Still, reported the Journal of Personality and Social Psychology, those nice guys don’t finish last.
No, because that, friends, would be left to the nice ladies. Nice women are laster. Nice women are, in fact, the lastest. (“Disagreeable” women are slightly better off, but still only earn 5 percent more than their sweeter female counterparts.)
Look, it’s hardly a newsflash that nice doesn’t always translate as valuable, or that “disagreeable” traits like bluntness or aggression or anger telegraph a sort of chutzpah or confidence or something that we as capitalists value. And as woman are still making about 80 cents on the male dollar, it’s hardly groundbreaking news that even that poor nice guy does better financially (statistically speaking) than a hardcore, no-nonsense woman. So sure, yeah, okay—of course nice girls rank last in pay.

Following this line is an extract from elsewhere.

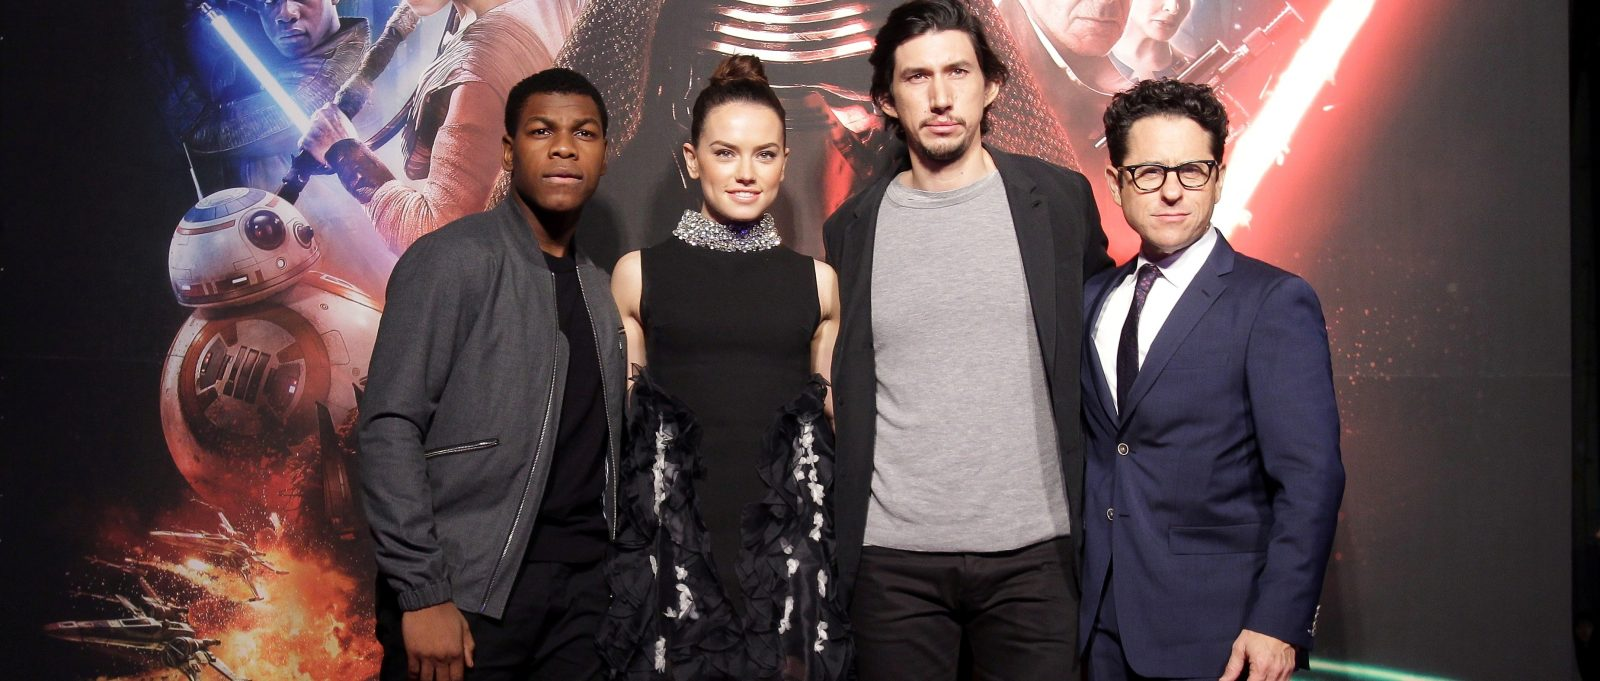 Съемки 9 эпизода «Звездных войн» завершены

The real reason I can’t let this go is because I don’t think I’ve ever heard the secret to (financial) success in our system put so plainly. How to be valued most highly in your workplace? If you’re a man, then be a disagreeable man. If you’re a woman, well, you be a disagreeable man, too.
I’ll say this: Many of the most successful women in power with whom I’ve had the privilege to work have been tougher, blunter and more unapologetically strong-minded than any male co-worker I’ve ever had. I can only surmise that they were well-compensated in their high-level positions, and deservedly. (As well-compensated as male counterparts would have been? Who can say.)
But what really chaps my hide are the many, many women I know who are tough in a different way: They are resilient hard workers whose brains and talent keep them knee-deep in work and keep them moving forward without letting various injustices stop them. Alas, they are agreeable: They work late nights, they are team players, they slap on a smile when asked to work weekends, they are flinty in their willpower to get whatever job that needs doing done. They are thoughtful of their coworkers’ time. They are—in most of the places I have worked—an enormous part of what keeps the place running. They rarely indulge in diva-esque behavior, because it seems more productive to just work.
Fact is, women have been doing this for years. Since Rosie the Riveter. Since way before then. Working hard, being agreeable to any task. Not only are we socialized to do so—taught to balance hard work and ambition with consideration and grace that supposedly comes naturally to us—but I would argue that women have gotten to be better at that on average than men, with less sturm und drang and more sucking it up for the greater good.
And yet here we are, slapping less monetary value on that particular brand of toughness, coming from either gender—but especially from women. Not because it’s truly worth less—but because it is still a man’s world. (This man’s world, by the way, also boxes men into gender roles.) And so we’ve convinced ourselves that all those agreeable qualities we’ve associated with and expected from women for years and years and years are simply of less worth.
But what, I wonder, would happen if all those nice women whose blood, sweat, tears and, yes, agreeability that support so many professions up and quit? What would their value be then?